ZHU, Fengqing (Harbin Institute of Technology, China)
Five Trends in Confucian Studies”

For over a decade, Confucian studies has gone through several evolutions and developments. From 2010 to today,this area has delivered a number of the fine scholars.In this paper, I will analyze and compare five current trends in Confucian studies:


1. Global-Contextualism. Generally ,contextualism means that any system of claims, value, and activities cannot be understood outside of the real cultural context in which they occur. For many scholars, to understand the philosophical background of contextualism is very helpful in exploring the real meanings of these crucial concepts in Confucianism. A modern practice of classical Confucianism requires a contextualist interpretation of the world. As virtue, consequential or normative ethics, Confucianism should be contextualized, globalized, and developed as the moderm way of thinking emphasizing rationality and practice over traditional considerations. For this reason, there has been a dramatic shift toward a more contextualist methodology. Some of these methodologies attempt to reinterpret Confucian thought through the contextualism of globalized sinology.
2. Asian-Modernism. Some scholars disclose in meticulous detail the relevance of Confucianism to the contemporary world. It is popular to divide Confucianism into traditionalist and modernist forms. “New Confucianism” (different from Neo-Confucianism) can be regarded as modernist Confucianism that incorporates modern interpretations and practices for nowadays needs.There have been significant discussion of the intercourse and interaction between Confucian developmentalism and Western models.

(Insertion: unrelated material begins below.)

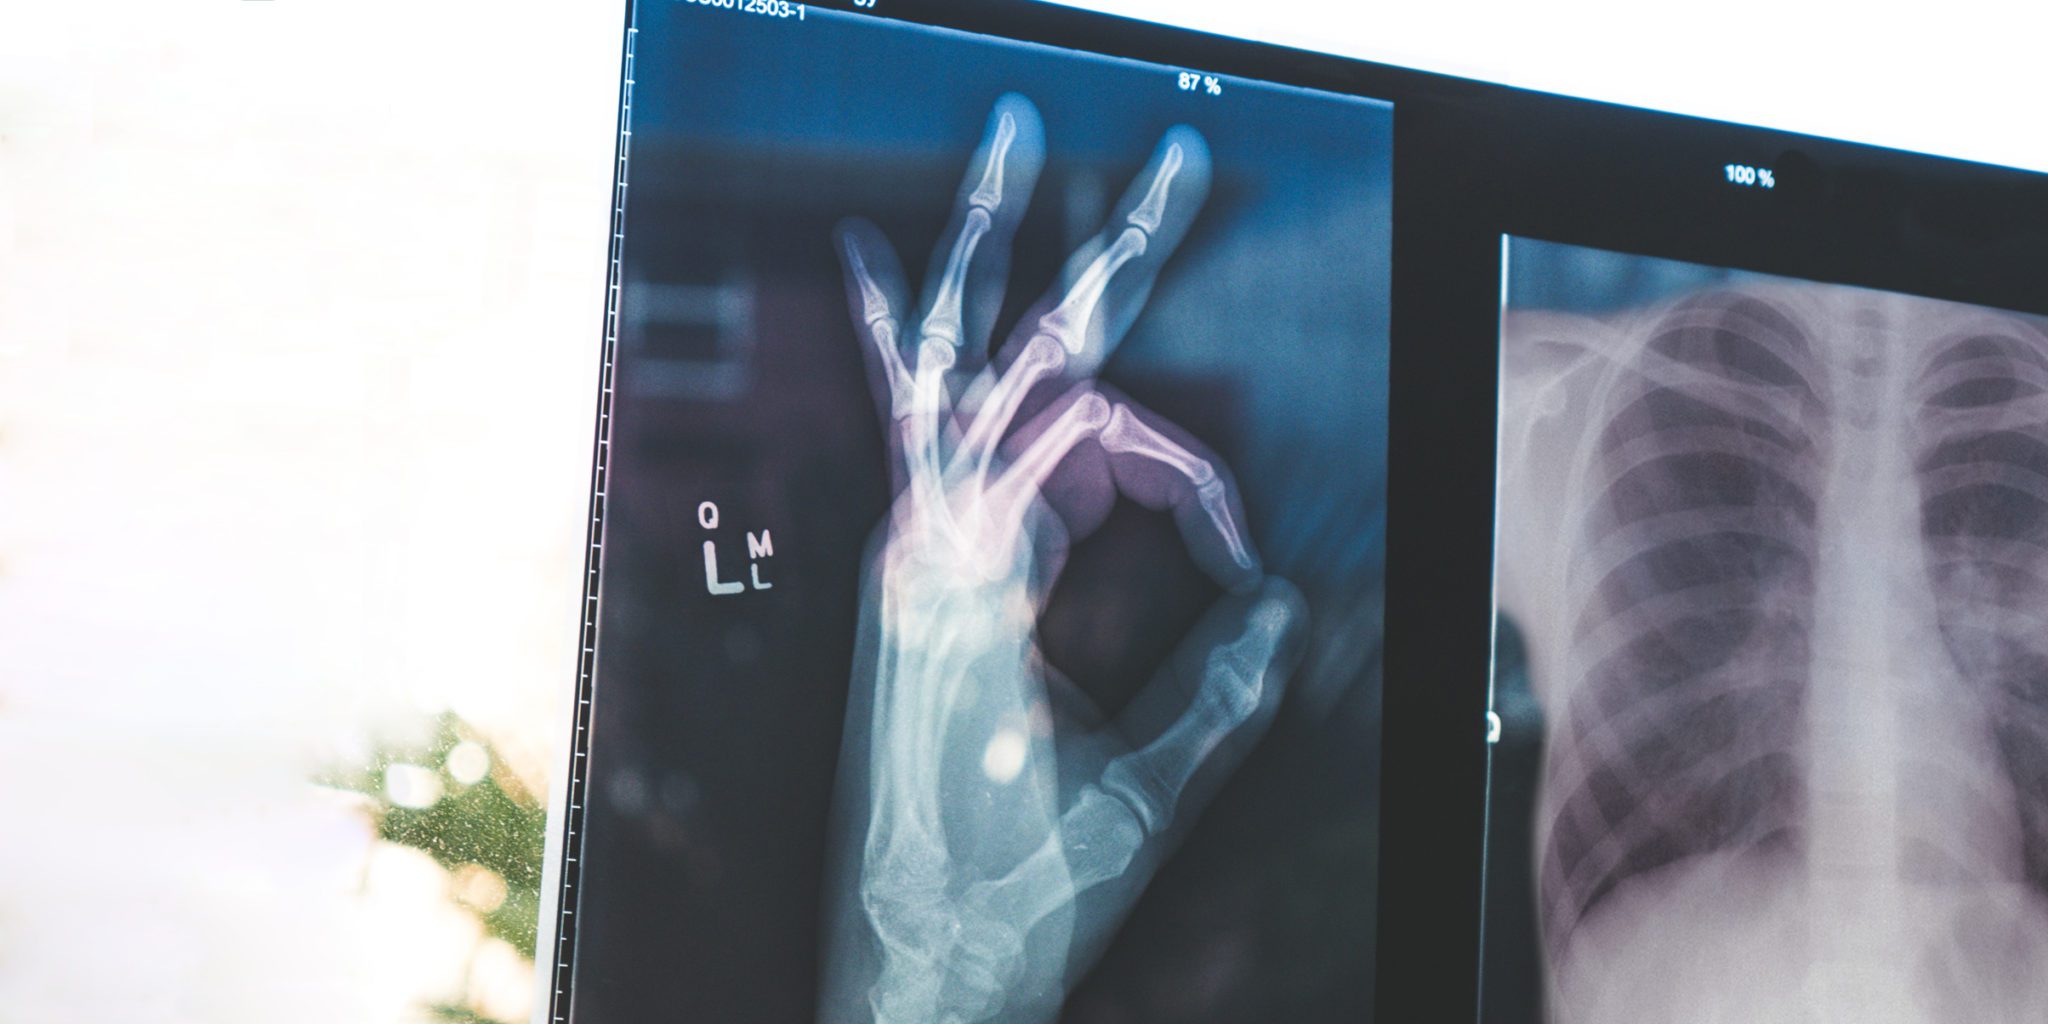 chest and okay sign hand x-rays

3. Asian-Americanism. Asian American have quite recently emerged as an increasingly important force in American politics. Asian American voices have been prominent in policy debates over such matters as education, race relations, and immigration reform.

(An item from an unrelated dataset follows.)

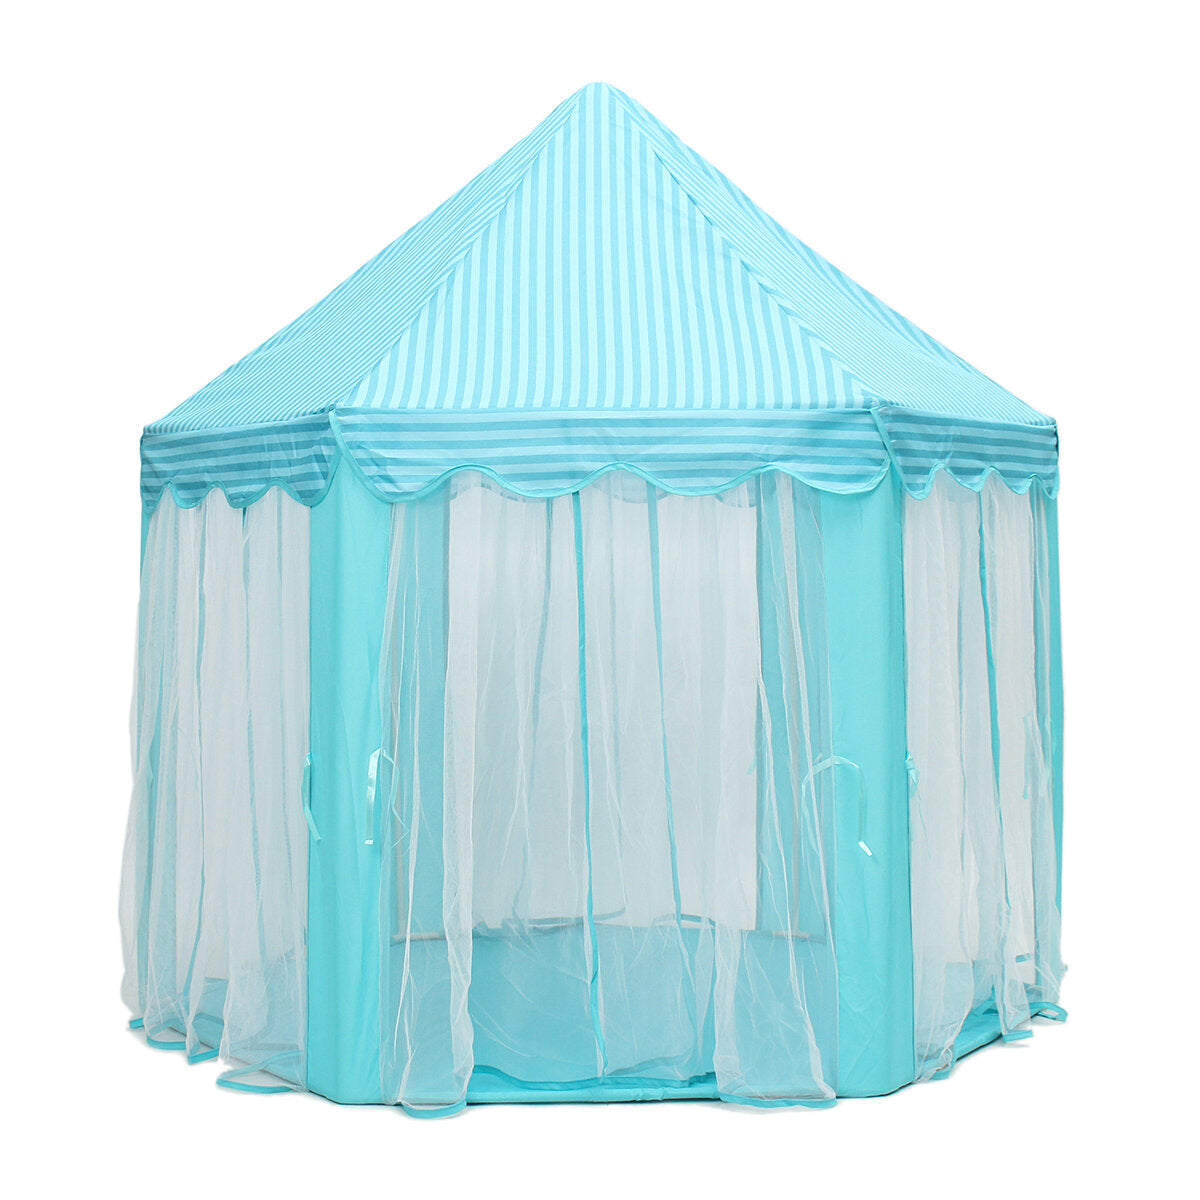 140cm Kids Foldable&Portable Tent Play Castle Garden Outdoor Indoor Playhouse Children Game Tent Baby Gift

4. Multi-Comparativism. More and more scholars have tried to construct an effective paradigm for a critical comparativism and multi-comparativism in the field of Confucian studies through Western philosophical hermeneutics. Some of them have provided applicable approaches to study Confucian through new or contemporary comparativism. We may reveal the development and main tendencies of new type of comparativism.
5. Classical-Textualism. Some scholars lean to “classical textualism.” “Classical textualism” demands rigid adherence to the Confucian text, and stresses that Confucianism can be understood only by interpreting the original words of the Confucian classics. Conservative scholars advocate an historical understanding of words, and the liberal ones prefer a more modern understanding of words. More and more scholars attempt to adopt the “classical textualism” or integral, complete and comprehensive textualism to overcome the fragmented textualism they believe is distoring original Confucian teachings.
I will offer an overview of these five trends revealing how each of them comprise a significant movement in Confucian studies. In addressing each, I will provide certain theoretical critiques and the responses to those critiques. The main thrust of this issue is to examine the simlarities and differences among those scholarly inquiries as well as to justify those research programs that are debatable, controversial, and even confusing.

In each movement I have in effect discussed certain types of challenges against “orthodox prejudice,” and also compared and contrasted them through a philosophical perspective. The significance of those trends is two-fold: it argues for a new stage in the development of contemporary Confucian studies, and it extends the Confucius thought to Western scholars and people.